If you are trying to use local clays for brick or tile or even pottery production, characterizing the available materials is the first step. But how? This is the kind of data a lab might submit and perhaps you wonder about its value? We feel traditional ceramics technology is fundamentally relative. A history of many reports like these, in context with other data, might be good for mining companies to determine if new stockpiles have any shifts in certain specific properties. But as a way to understand the utility of a clay for a specific purpose, this contextless report is of little use. It is also a tunnel vision view, looking at only one temperature. On the other hand, simple procedures like the SHAB test provide a hands-on way to understand what a clay actually is.
Factory technicians often just see clay materials or bodies as data sheets full of numbers. Similarly, knowing the statistics of a pro sport can make one feel like an expert. But there is no substitute for actually playing! Likewise, taking the time to actually slurry up a clay body and hand-make and fire ware using it is the way to really notice it’s characteristics. I make coffee mugs, doing it the same way each time. Notice what these mugs tell me. The rims have pulled oval, the color is dark and solid and the foot is plucking: The body is too vitreous. Sandy particles can be felt on the rims (also felt during trimming and throwing). When pulling the handles splits formed, indicating low plasticity (this was also evident during throwing, I was unable to pull the walls as thin as normal). Dry strength is low, the lower handle-join dry-cracked on the convex side. The inside glaze is also revealing that iron speckle is excessive.
These bricks are being extruded in India and the plant is suffering drying cracks. A consultant recommended the addition of lignosulphonate (at a cost of $800/ton) as a solution. But before adding such a large expense, some obvious changes seemed in order first. The technician knew the plasticity index of the clay (a measurement used for soils) but he did not have records of its drying shrinkage, water permeability, drying strength or drying performance.
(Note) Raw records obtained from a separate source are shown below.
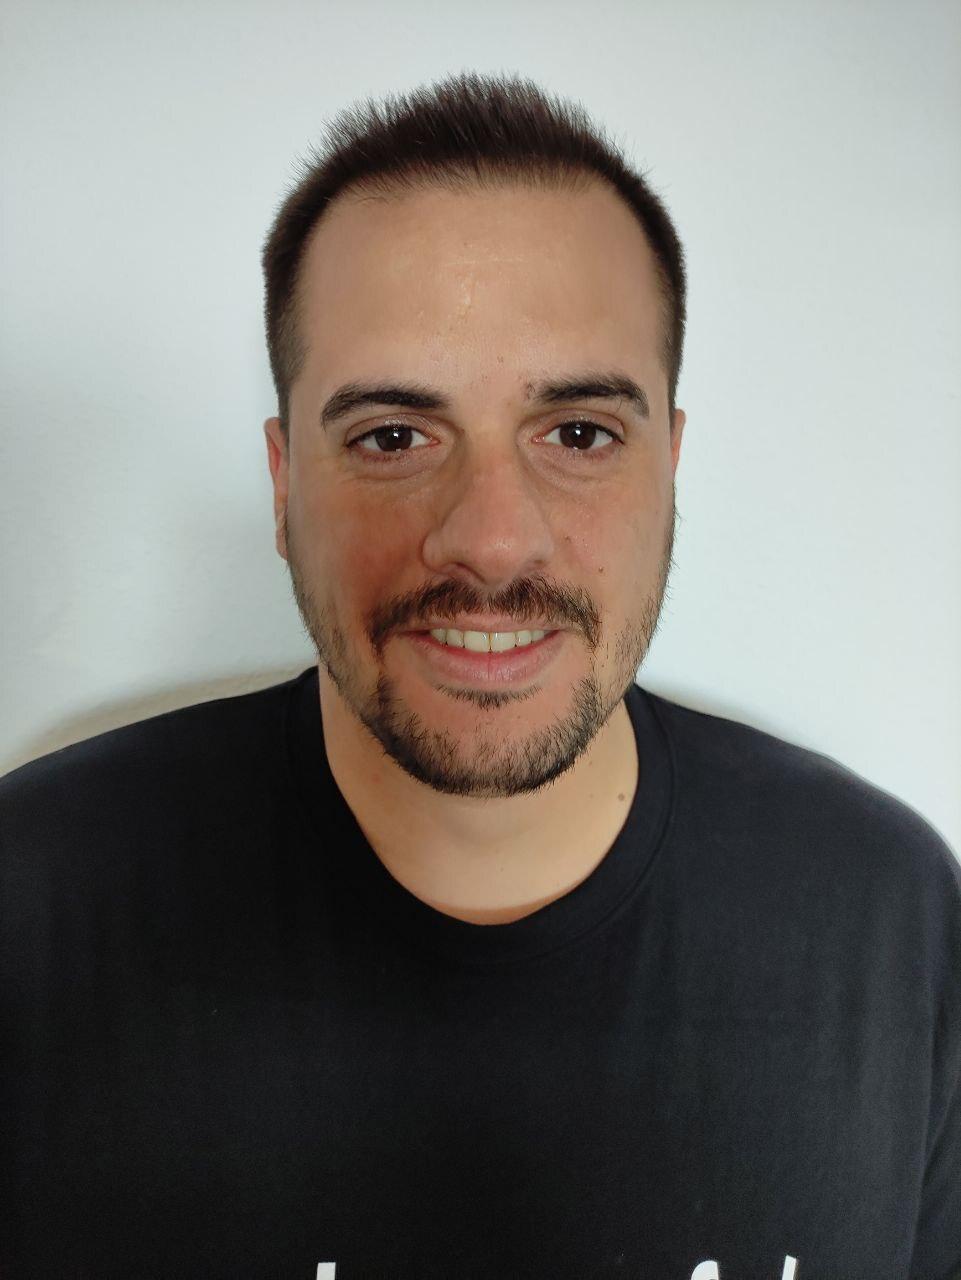 Guillermo Caracuel
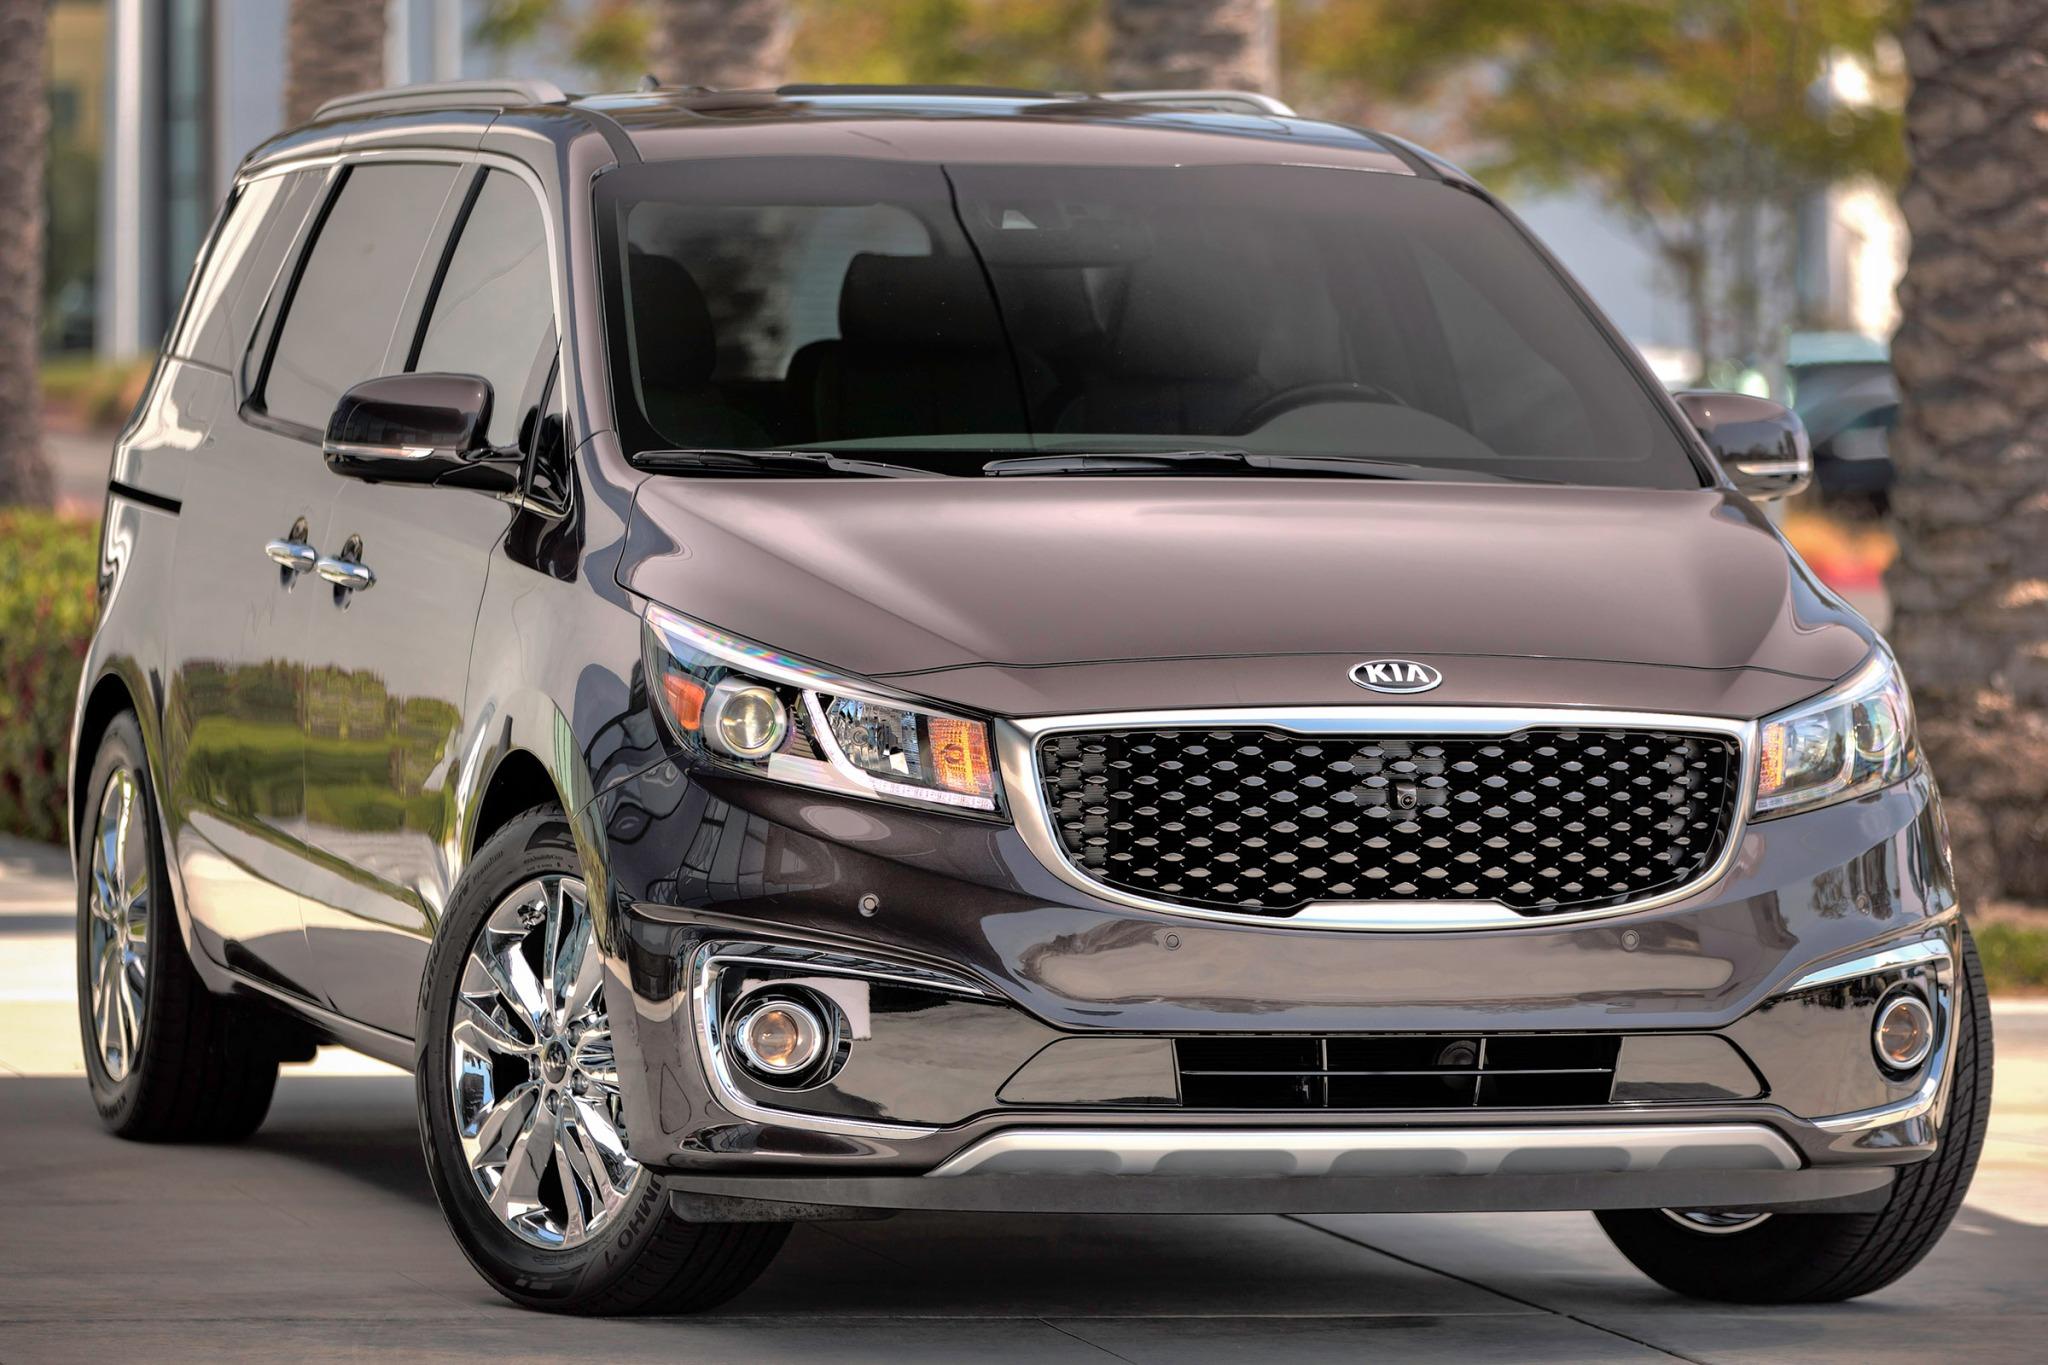 2016 kia sedona passenger minivan sx limited fq oem 1 2048
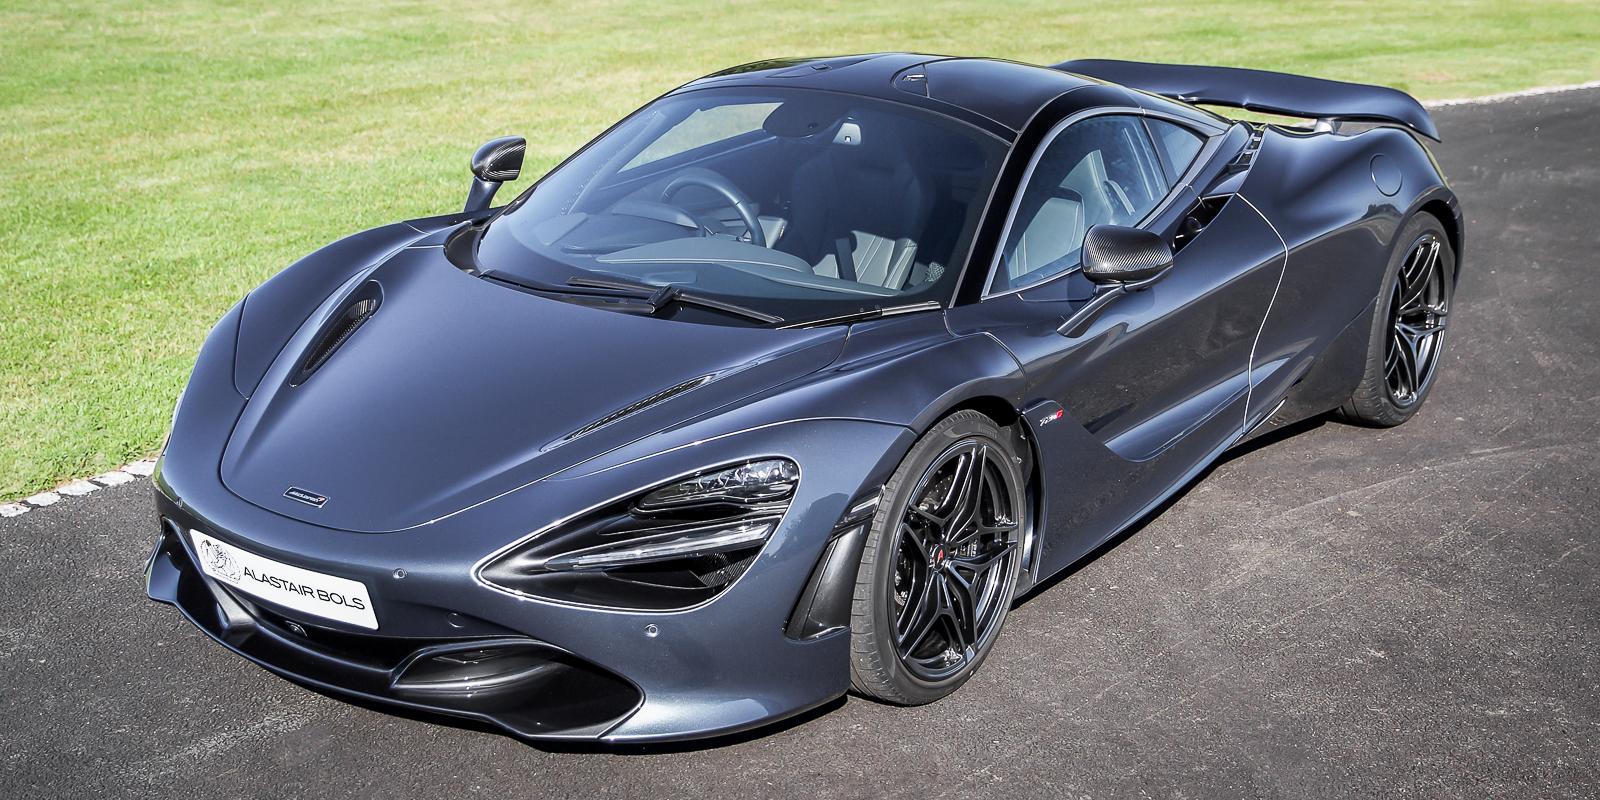 McLaren 720S Luxury Saros
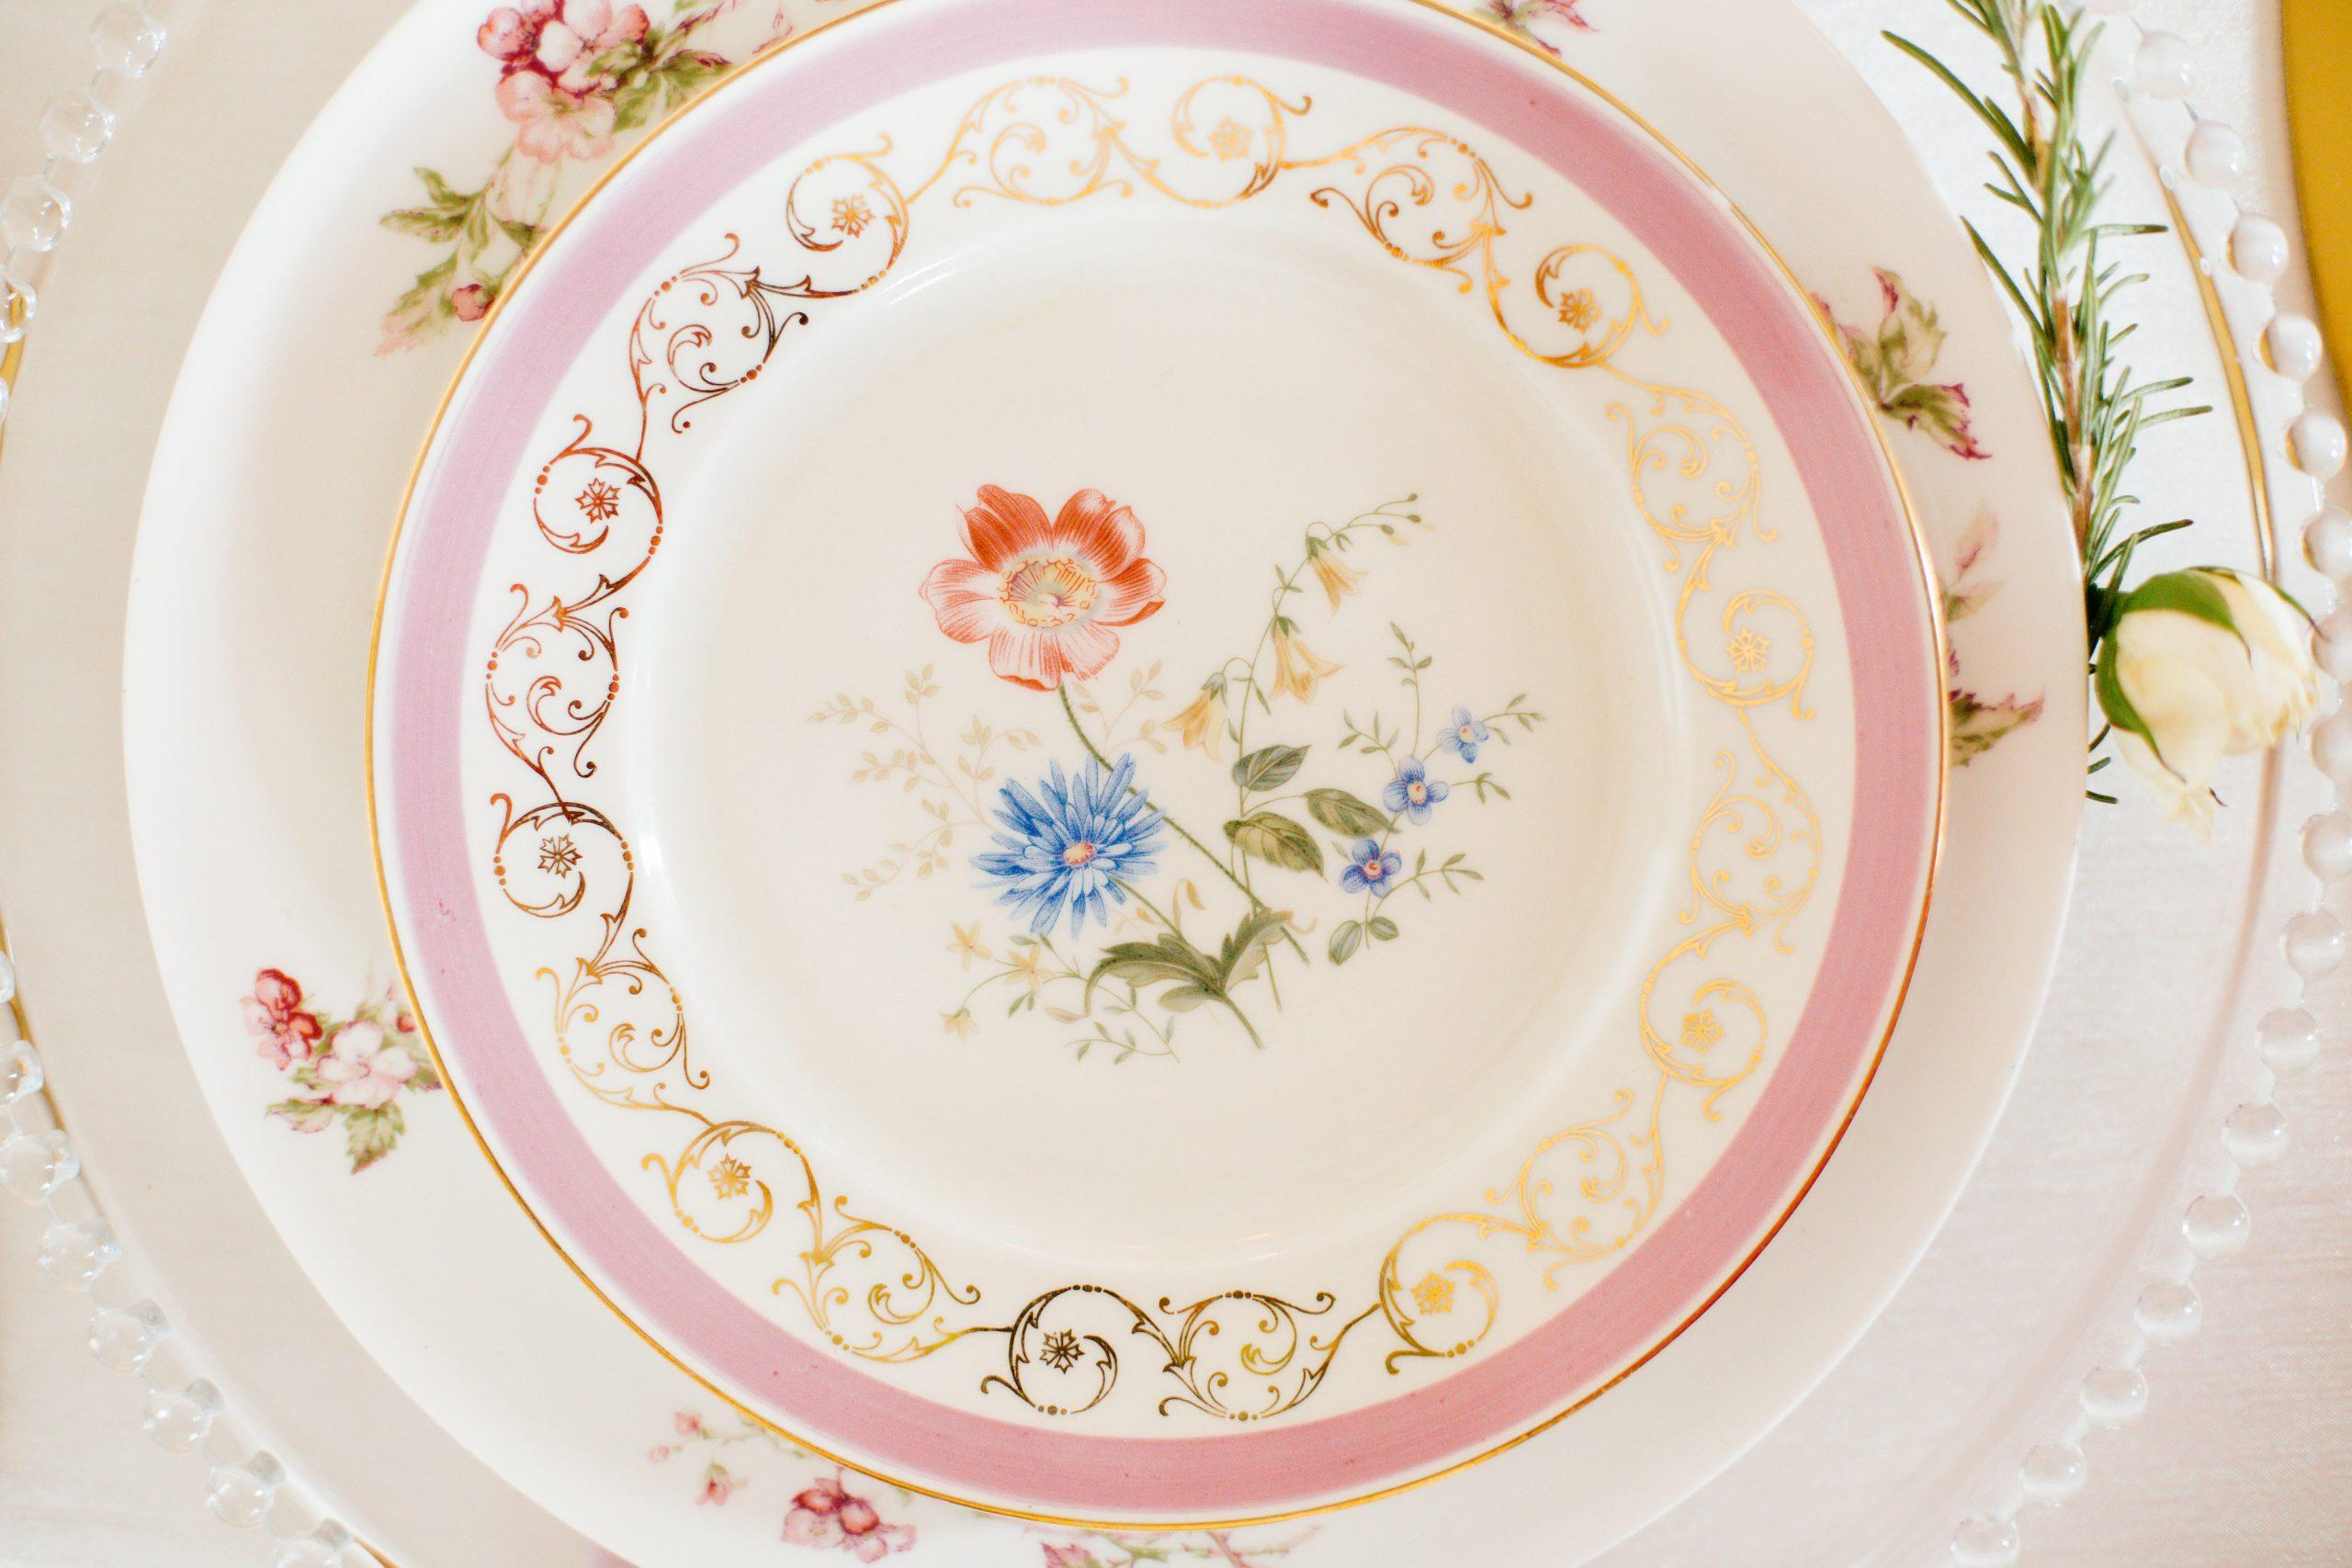 Cru Vintage Rentals - plates

When problems like this arise the value of such becomes evident - that knowledge provides direction when things like this happen. It would answer some questions. Is cracking happening because of lack of drying strength or plasticity or because drying shrinkage is too high. The splitting along the corner of the extrusion is a clue that plasticity could be lacking - that could be solved by a small bentonite addition or reduction in grog. If permeability is low an increase in grog might be needed (if the pugmill can extrude slugs with a smooth edge and corner). Notice the cracks that start from those splits (lower left). But also notice how the top edge has shrunk while the center section has not. That indicates a drying process that is not engineered to subject all surfaces to equal airflow (sure enough, these are being dried outside in the sun and wind). Another factor is cross-section: The round holes create variations in thickness that exceed 300%, square holes with round corners would be better. Given the location and economic realities, the change to square holes might be enough to ignore all the other issues and get away with it.
In ceramics, this normally refers to the process of doing physical or chemical testing on a raw material to accurately describe it in terms of similar ones.
Brick-making is surprisingly demanding. Materials blending and processing, forming, drying and firing heavy and thick objects as fast as possible are like no other ceramic manufacturing challenge.